We again try to use AND-elimination to extract what we can from our premises. We might try something like this:

```
p ∧ q ∧ r, a ∧ (t ∨ s) ⊢ q ∧ (t ∨ s)
{
1. p ∧ q ∧ r premise
2. a ∧ (t ∨ s) premise
3. p ∧e1 1 //NO ¬ Won't work.
...
}
```

However, we get into trouble when we try to use `∧e1`

to extract the left side of the premise `p ∧ q ∧ r`

. The problem has to do with operator precedence – we recall that `∧`

operators are processed from left to right, which means that `p ∧ q ∧ r`

is equivalent to `(p ∧ q) ∧ r`

. By reminding ourselves of the “hidden parentheses”, we see that when we use `∧e1`

on the premise `p ∧ q ∧ r`

, we extract `p ∧ q`

. Similarly, `∧e2`

will extract `r`

.

We try again to extract what we can from our premises:

```
p ∧ q ∧ r, a ∧ (t ∨ s) ⊢ q ∧ (t ∨ s)
{
1. p ∧ q ∧ r premise
2. a ∧ (t ∨ s) premise
3. p ∧ q ∧e1 1
4. r ∧e2 1
5. a ∧e1 2
6. t ∨ s ∧e2 2
...
}
```

As before, we look at our resulting claims – we see a `p ∧ q`

, and we know that we can use AND elimination again to extract both sides.

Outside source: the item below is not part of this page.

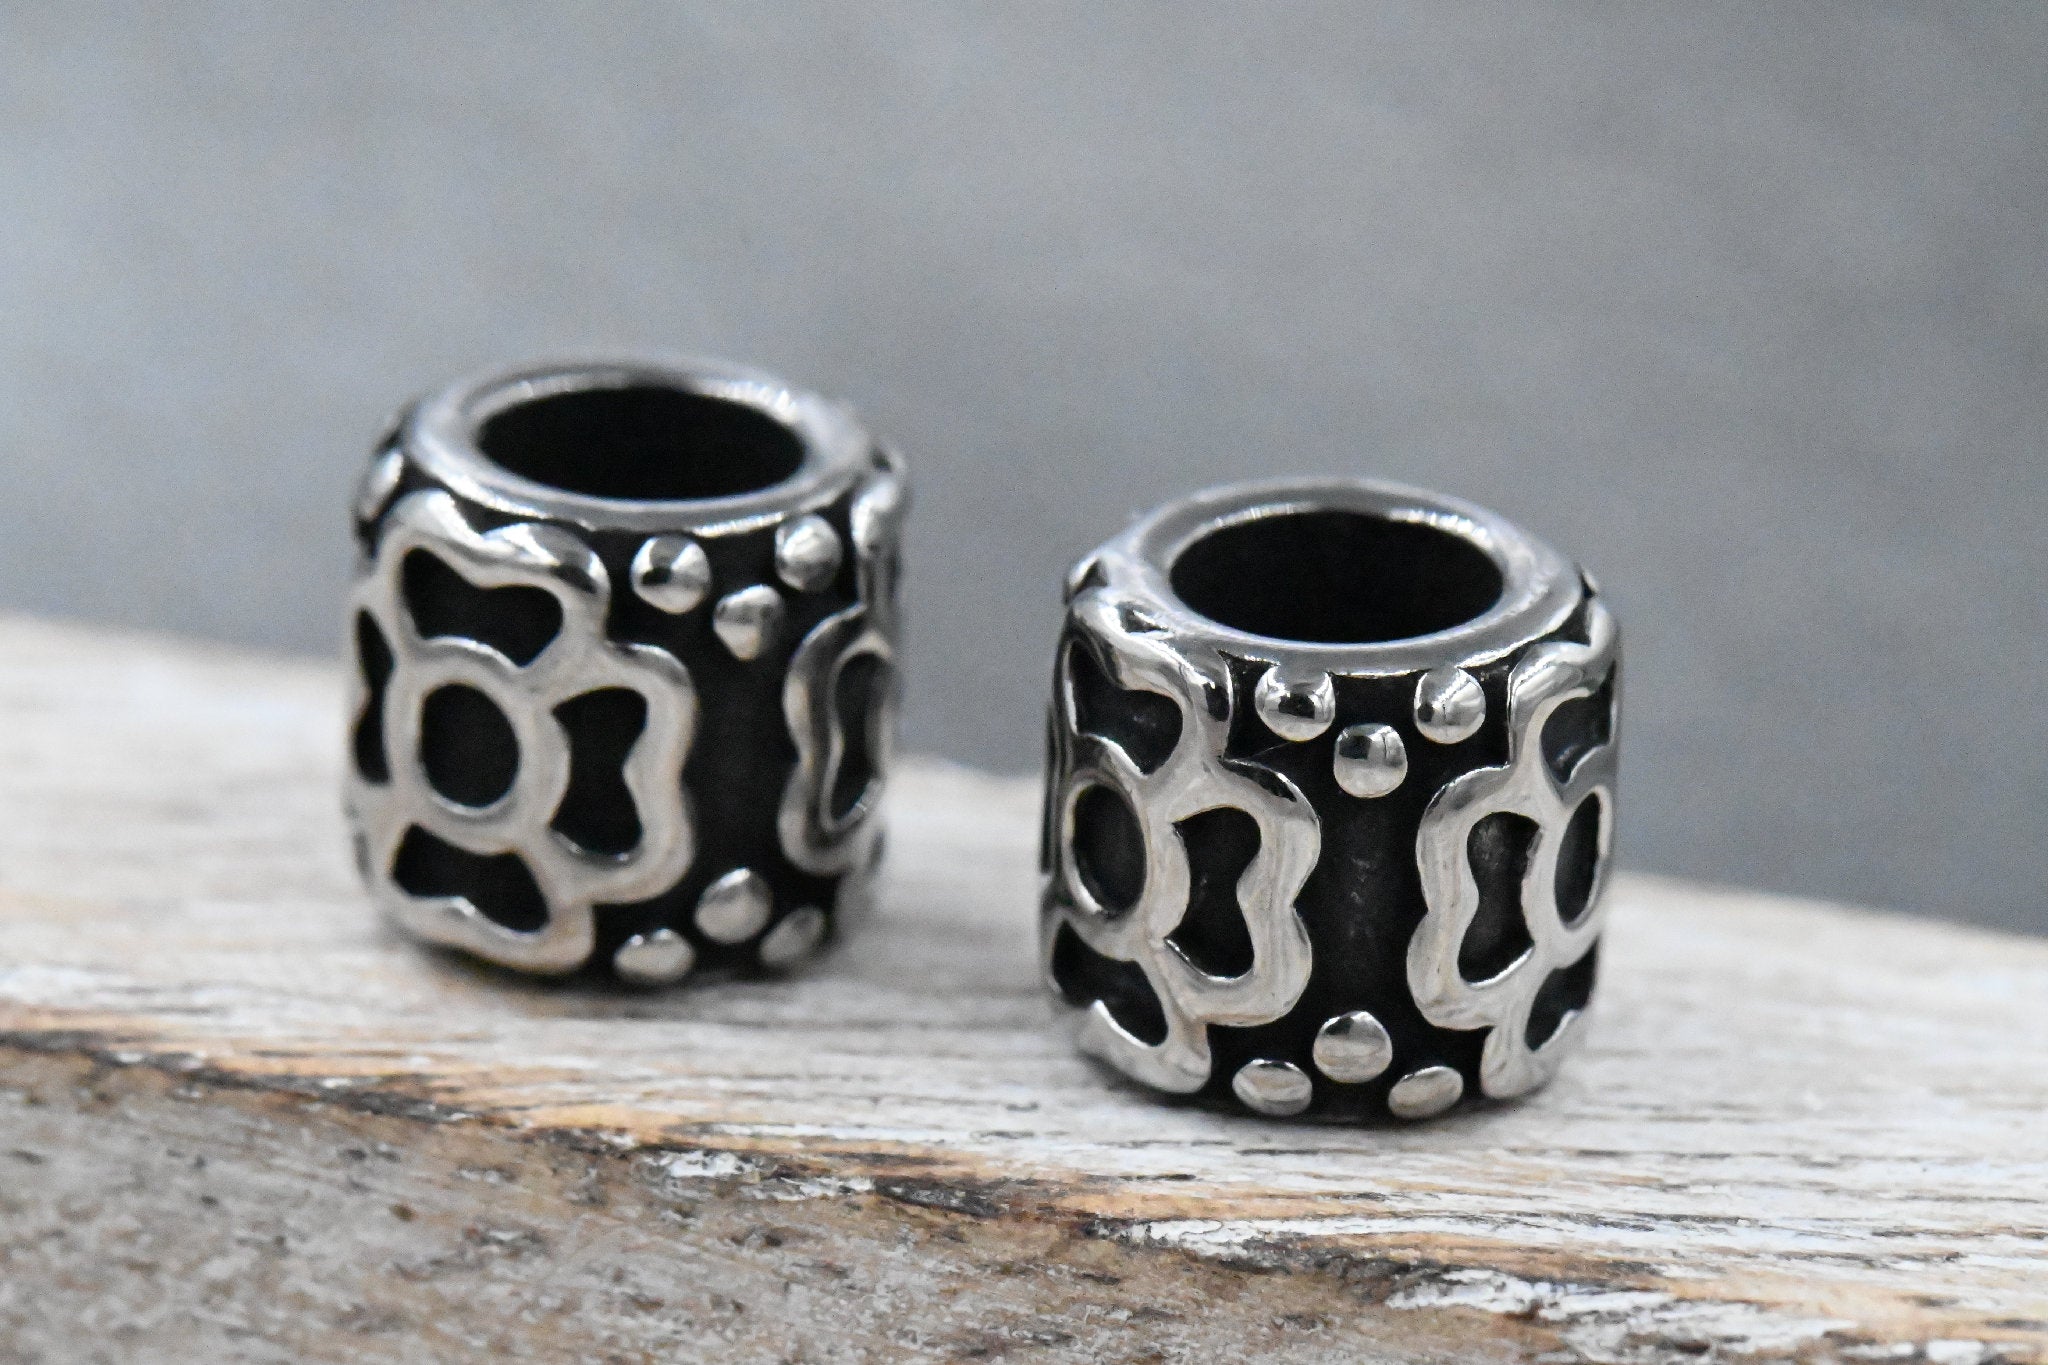 304 Stainless Steel Spacer Beads, Large Hole Beads, 1pc Column, Antique Silver, 8x9mm

Now we have:

```
p ∧ q ∧ r, a ∧ (t ∨ s) ⊢ q ∧ (t ∨ s)
{
1. p ∧ q ∧ r premise
2. a ∧ (t ∨ s) premise
3. p ∧ q ∧e1 1
4. r ∧e2 1
5. a ∧e1 2
6. t ∨ s ∧e2 2
7. p ∧e1 3
8. q ∧e2 3
...
}
```

Now, we look at what we are trying to prove – `q ∧ (t ∨ s)`

. Since its top-level operator is the AND, we know that we must separately prove `q`

and `t ∨ s`

. Then, we can use AND introduction to put the two pieces together to match our conclusion. We see that we already have `q`

on line 8 and `t ∨ s`

on line 6, so we add our final line to finish the proof:

```
p ∧ q ∧ r, a ∧ (t ∨ s) ⊢ q ∧ (t ∨ s)
{
1. p ∧ q ∧ r premise
2. a ∧ (t ∨ s) premise
3. p ∧ q ∧e1 1
4. r ∧e2 1
5. a ∧e1 2
6. t ∨ s ∧e2 2
7. p ∧e1 3
8. q ∧e2 3
9. q ∧ (t ∨ s) ∧i 8 6
}
```

You might notice that lines 5 and 7 were not needed, as both `p`

and `a`

were not part of the conclusion. That’s true – we could have eliminated those steps. However, it’s a good idea to extract as much information as possible while you are getting used to doing these proofs – it doesn’t hurt to have extra claims, and you may find that you end up needing them.